*WORK INSTRUCTION*
From the material below, reproduce exactly the stretch of lines that begins with the line holding "-44- Copyright ©" and ends with the line holding "Profile of a", skipping the pictures.

*MATERIAL SHOWN*
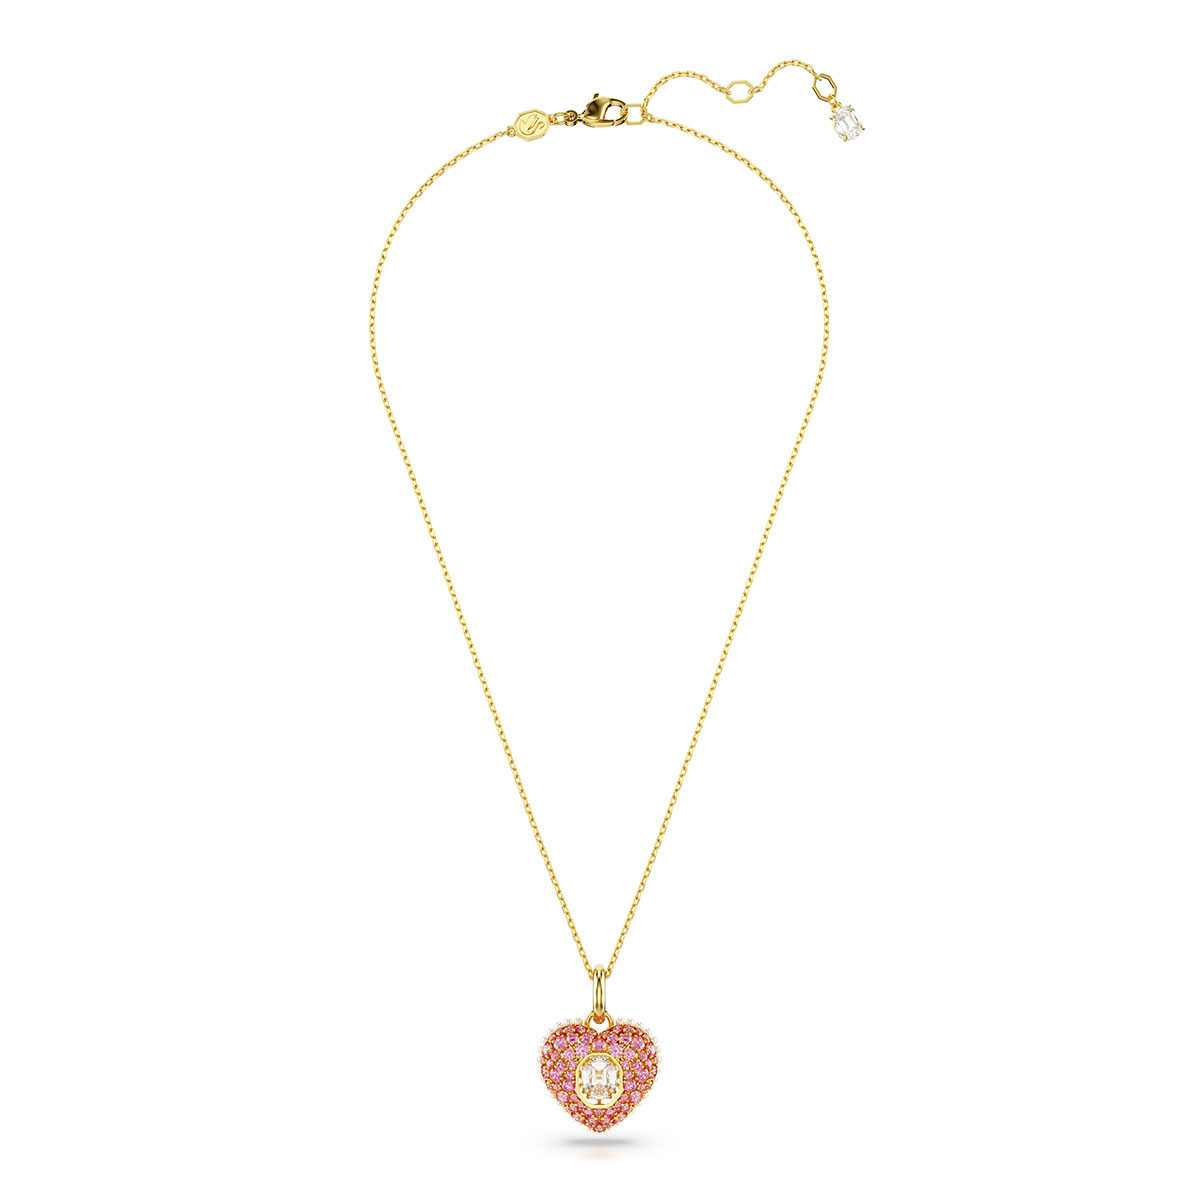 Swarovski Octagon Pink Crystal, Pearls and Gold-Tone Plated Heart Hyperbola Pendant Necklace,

* * *

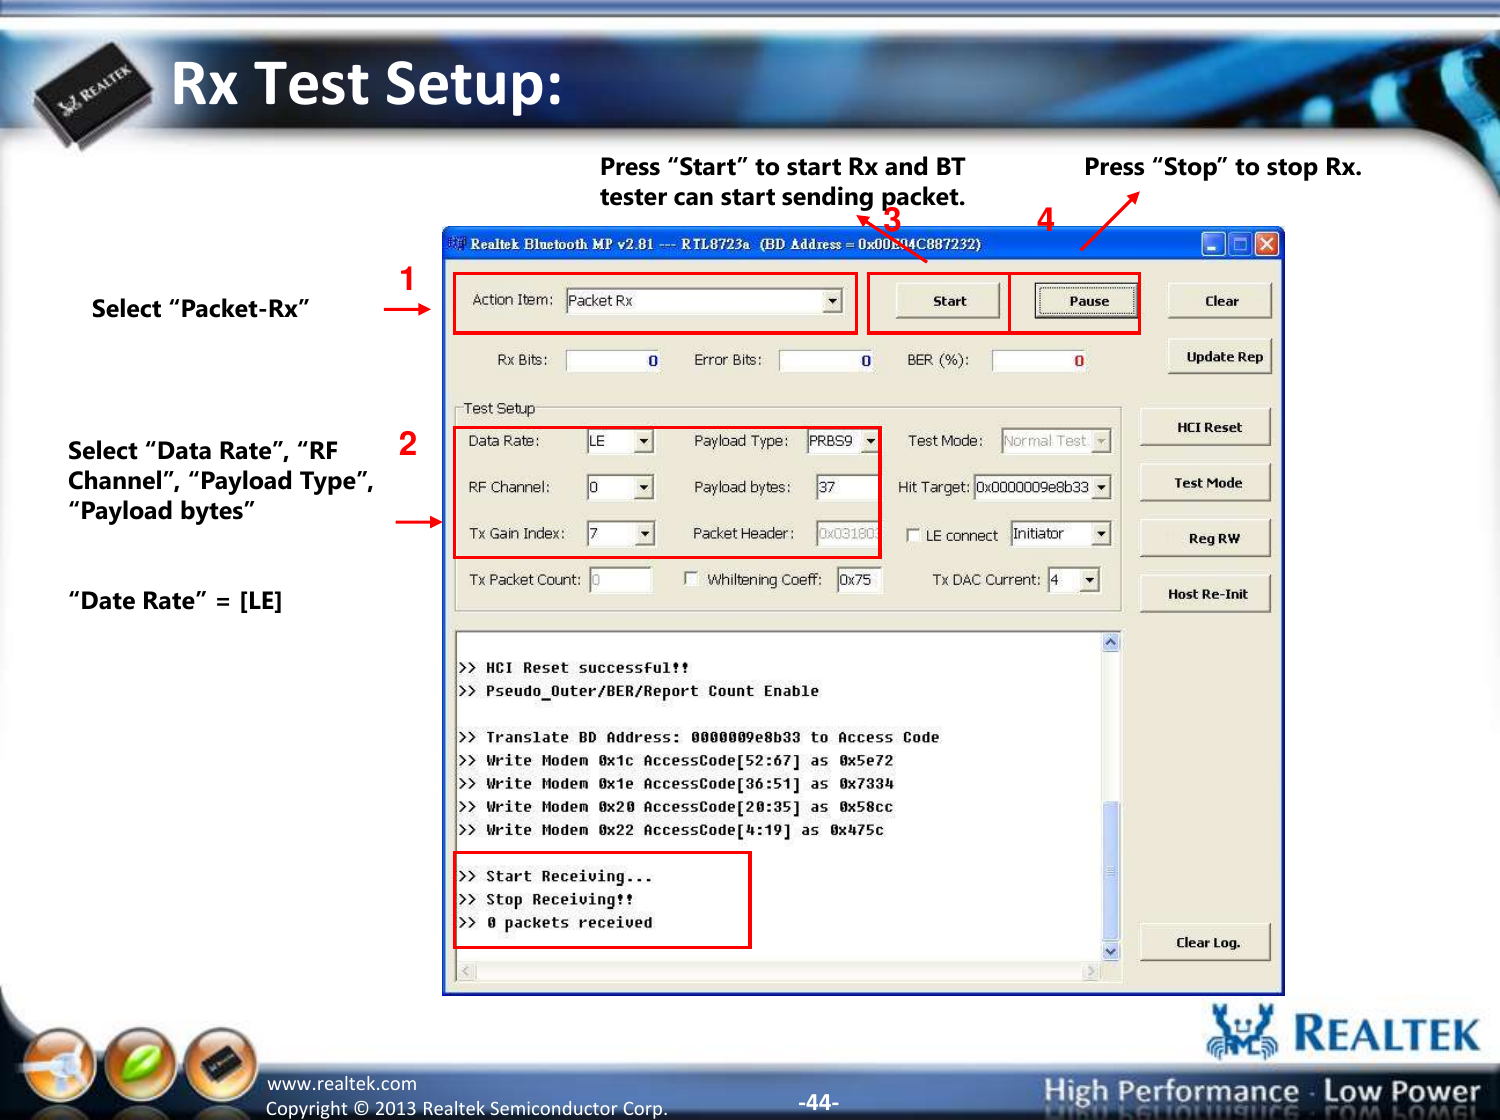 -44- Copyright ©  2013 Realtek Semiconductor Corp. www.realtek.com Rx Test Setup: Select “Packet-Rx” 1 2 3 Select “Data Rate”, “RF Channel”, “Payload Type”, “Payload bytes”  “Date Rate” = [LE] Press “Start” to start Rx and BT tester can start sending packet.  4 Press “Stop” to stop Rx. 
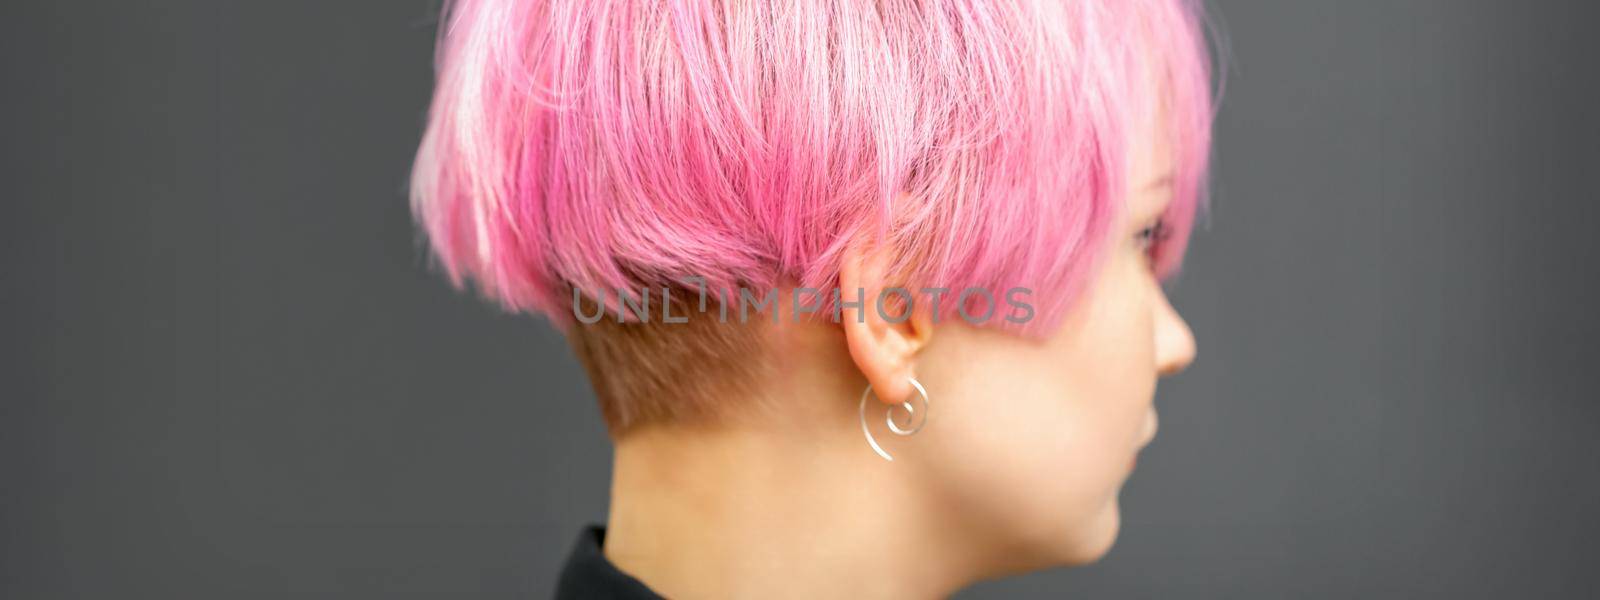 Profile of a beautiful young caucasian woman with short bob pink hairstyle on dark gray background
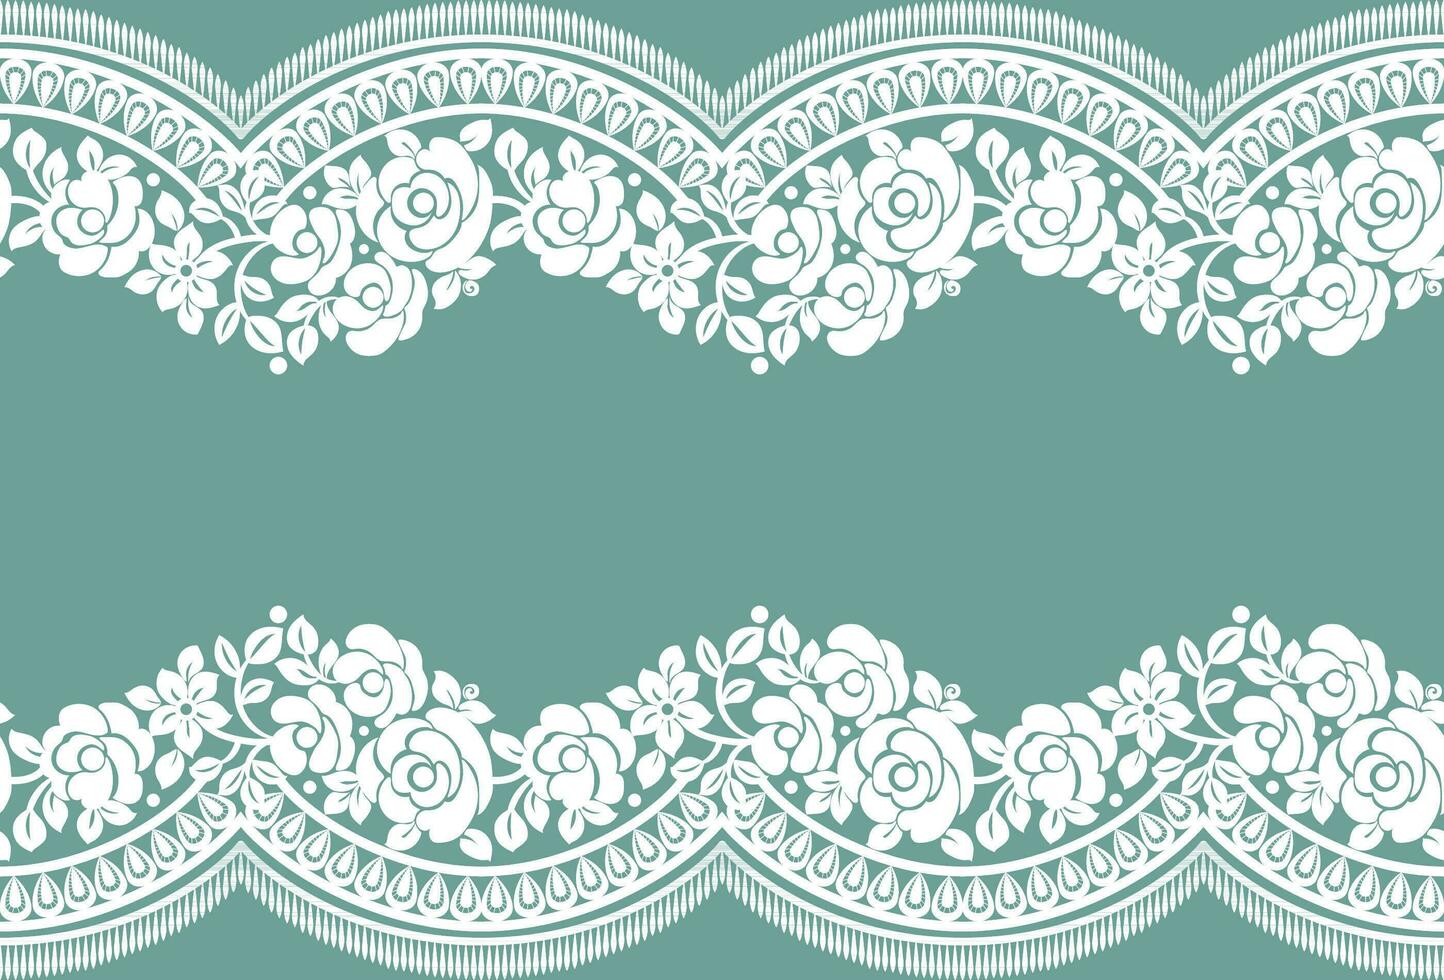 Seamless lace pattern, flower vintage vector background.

*ANSWER TO THIS EXERCISE*
 -44- Copyright ©  2013 Realtek Semiconductor Corp. www.realtek.com Rx Test Setup: Select “Packet-Rx” 1 2 3 Select “Data Rate”, “RF Channel”, “Payload Type”, “Payload bytes”  “Date Rate” = [LE] Press “Start” to start Rx and BT tester can start sending packet.  4 Press “Stop” to stop Rx. 
 Profile of a beautiful young caucasian woman with short bob pink hairstyle on dark gray background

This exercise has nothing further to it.